Saturday, April 11, 2009
"A Hard Way To Make An Easy Living..."
Not sure who first said that famous quote about poker being a hard way to make an easy living, but they sure did get it right. Damn, is this a frustrating game. You can do EVERYTHING right, and still lose a bundle, and then you can turn around and do something stupid and make that money back. So what does that teach us? Stupid play is smart play? No, of course not. But...
I played a lot of poker today. Actually, I played a lot of small sessions of poker today. I was stuck at home most of the day, so I kept sneaking into Full Tilt to play 30 hands here, 25 hands there. Each time I sat down to play, I reminded myself to play perfect poker. Unfortunately, perfect poker does not necessarily mean perfect profit, at least not in the short term.
The day started off on a couple of brutal nearly back-to-back losses. I was playing $5NL cash (9 handed) when I was dealt KK early in the first session. Per plan, I got all the money into the middle of the table preflop, only to have the opp turn over AA. Kiss $5 down the drain. About twenty hands later, I had the same EXACT thing happen. My KK lost to another opp's AA. Another $5 down the tubes.
So, truth be told, I started tilting a little. I open raised in MP with 75s (yes, seven-friggin'five-friggin'-suited). I got two loose callers and I realized I was being stupid, but then the flop came a beautiful 6-8-4 two-tone, and I was able to entice a bluff raise from the late position caller. I min 3bet him, he shoved, and all the money went in. The opp turned over KQ of hearts, giving him a flush draw, but I manged to fade the third heart and scooped a big pot.
A few hands later, I shoved on a late position raiser from BB with QQ, only to get called by AA. Arhghg. Kiss the 75s profit down the tube. The bulk of the day went this way: Big downswings, followed by me making some kind of miracle comeback, followed by more big downswings. The odd thing is the big losses were all the result of "perfect poker," while some (not all, but some) of the big upticks were the result of me getting lucky or sucking out.
The only bright spot to this debacle is I was more or less even when I started my final extended play evening session.

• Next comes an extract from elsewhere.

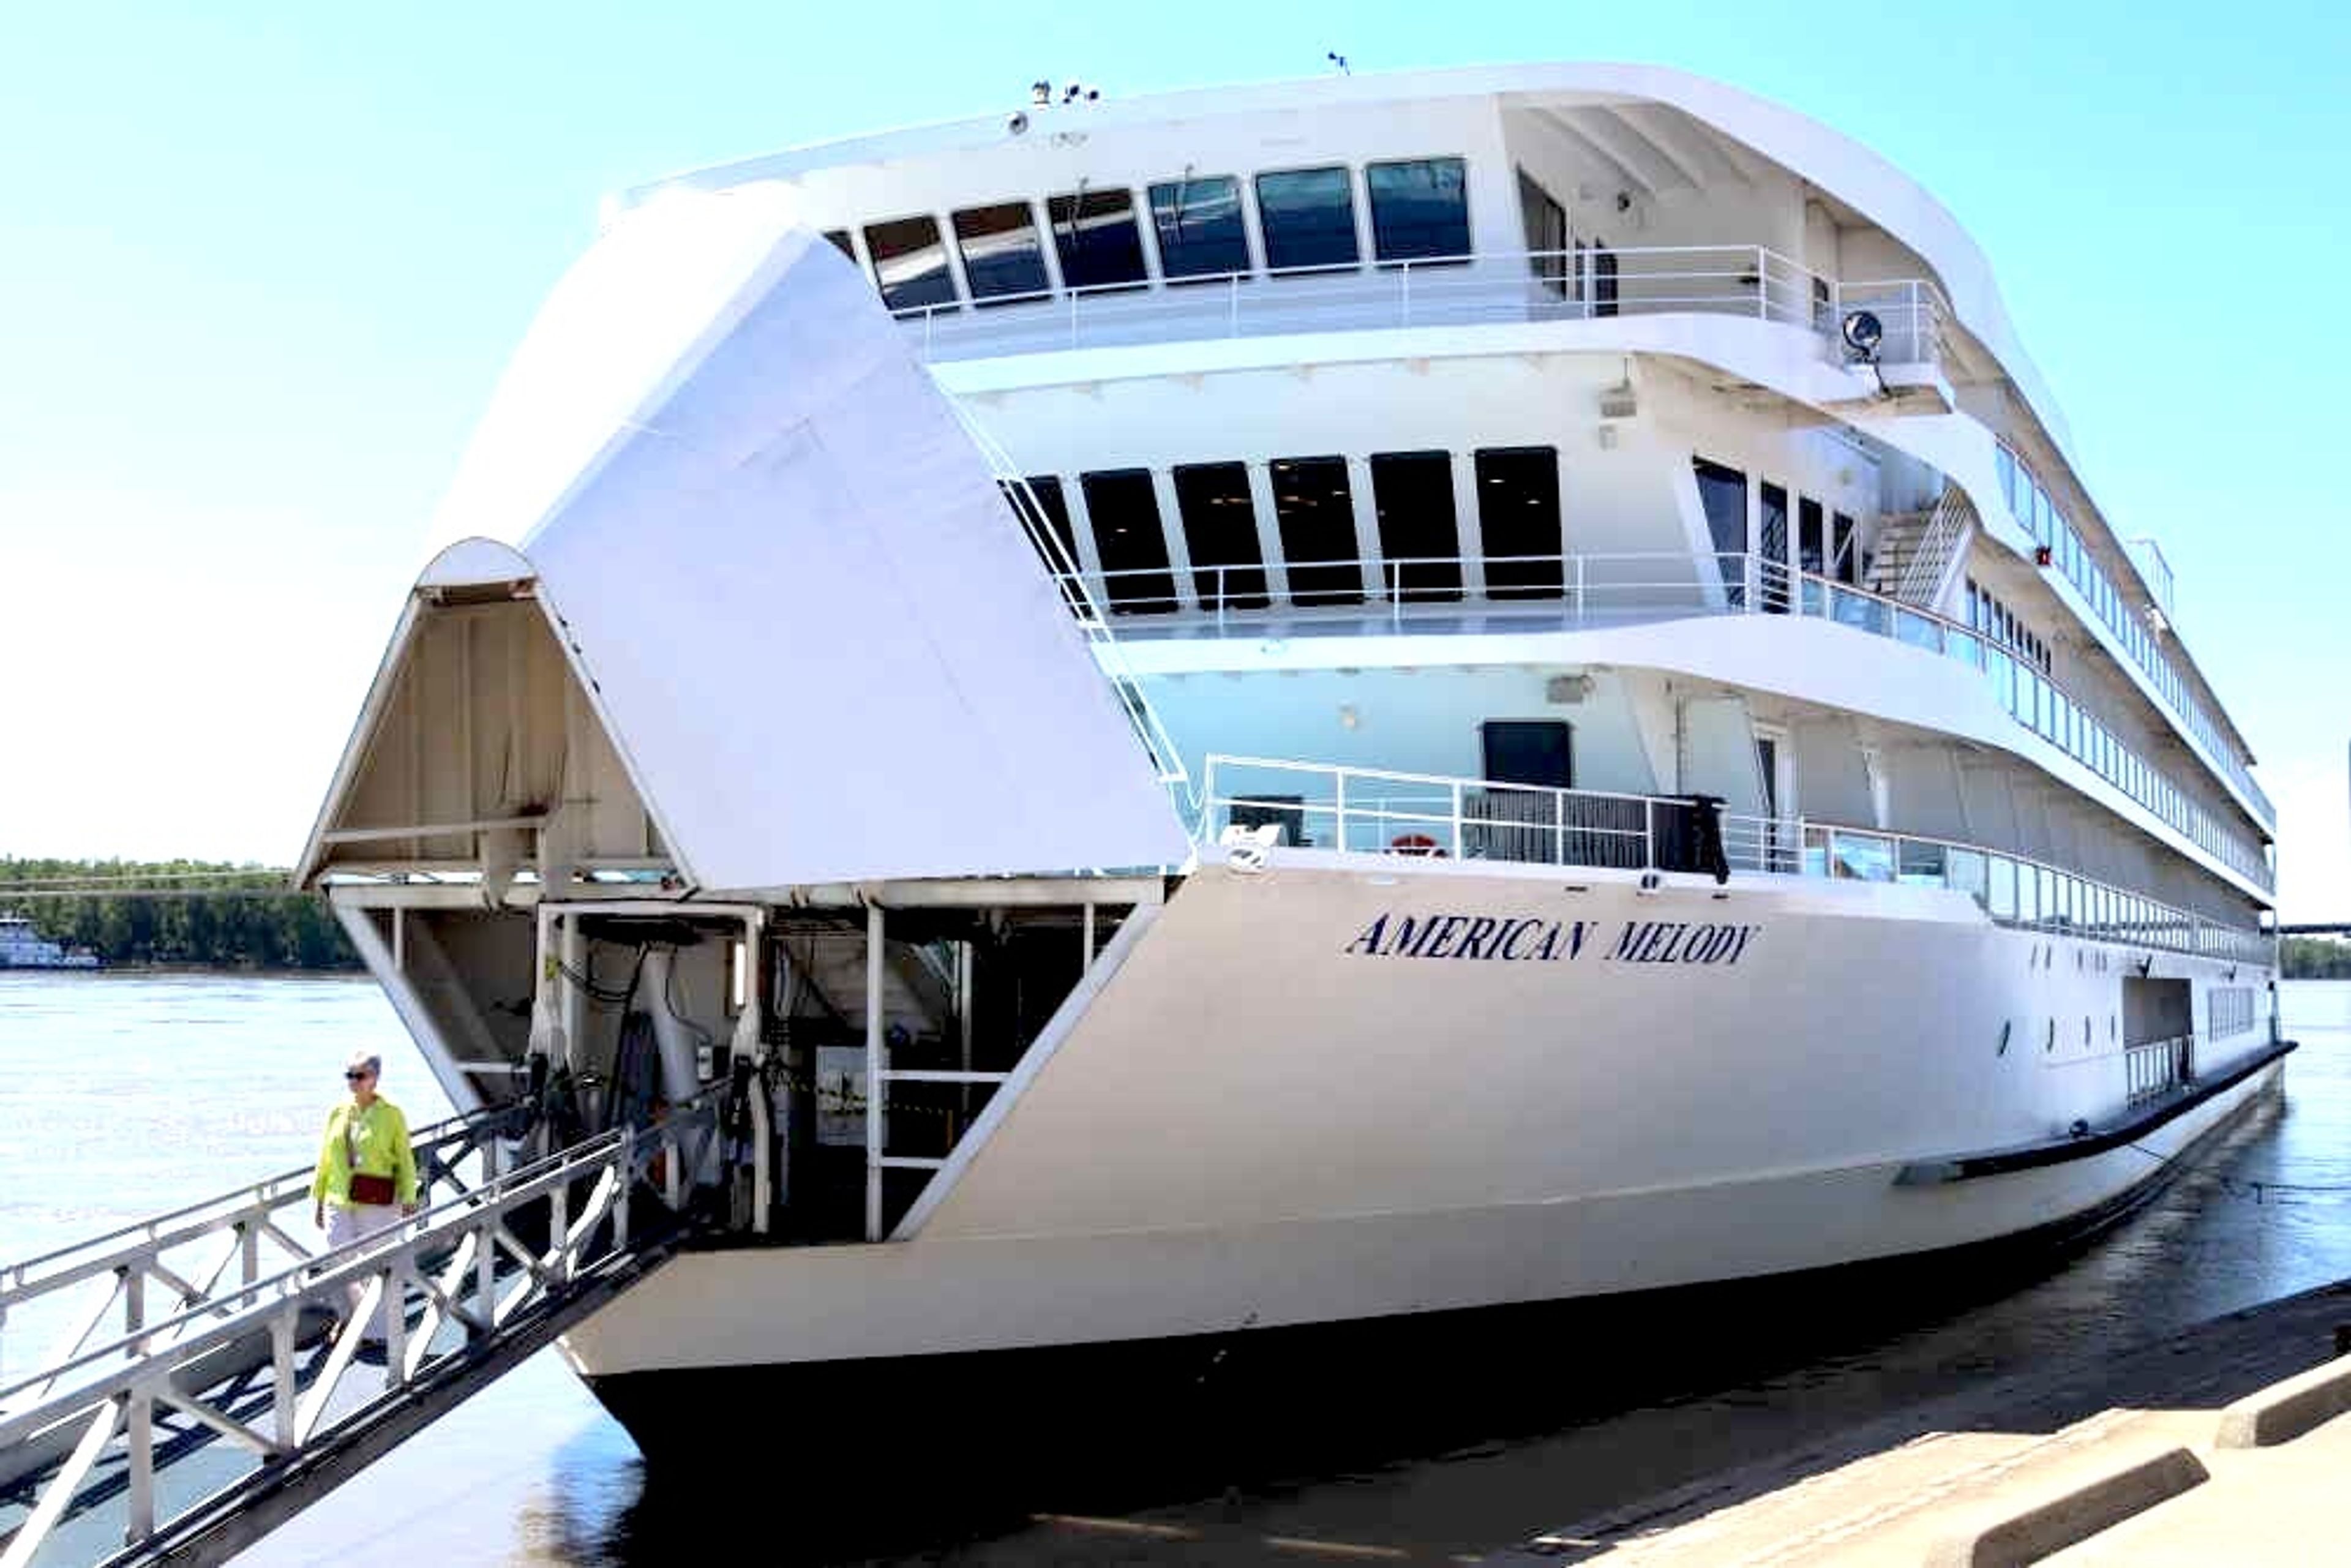 
A passenger of the American Melody leaves the vessel June 11 to explore Cape Girardeau.

By then, I was multi-tabling $10NL 6max, and, despite what the day had been telling me about stupid vs. good play, I was still trying to play perfect poker. Fortunately, the poker gods finally decided to stop toying with me, and playing correct poker started to pay off. I hit some sets and got paid off.* In the end, I made just under $20 for the day, averaging $3.36/100 hands (yes, I was 4-tabling most of the time), or ~6BB/100 hands played. Not bad, and about what I should expect as a result of perfect poker.
All-in for now...
-Bug
*A rule I'm following pretty religiously lately that seems to be paying off is the small-medium pair rule I learned from the grinderschool vids. If I have a small to medium pair, I should call a raise if the effective stack size (the smaller of the opps and my stack size) is greater than 15x the raise amount. If it's under 15x, I fold. If it's 15x or greater, I call with the intention of folding if I don't hit my set. Occasionally, if the opp has significantly less than 15x the raise amount (say, he's all in for a 4x raise) I might call if I can be assured of being heads up with him. In all other cases, I fold.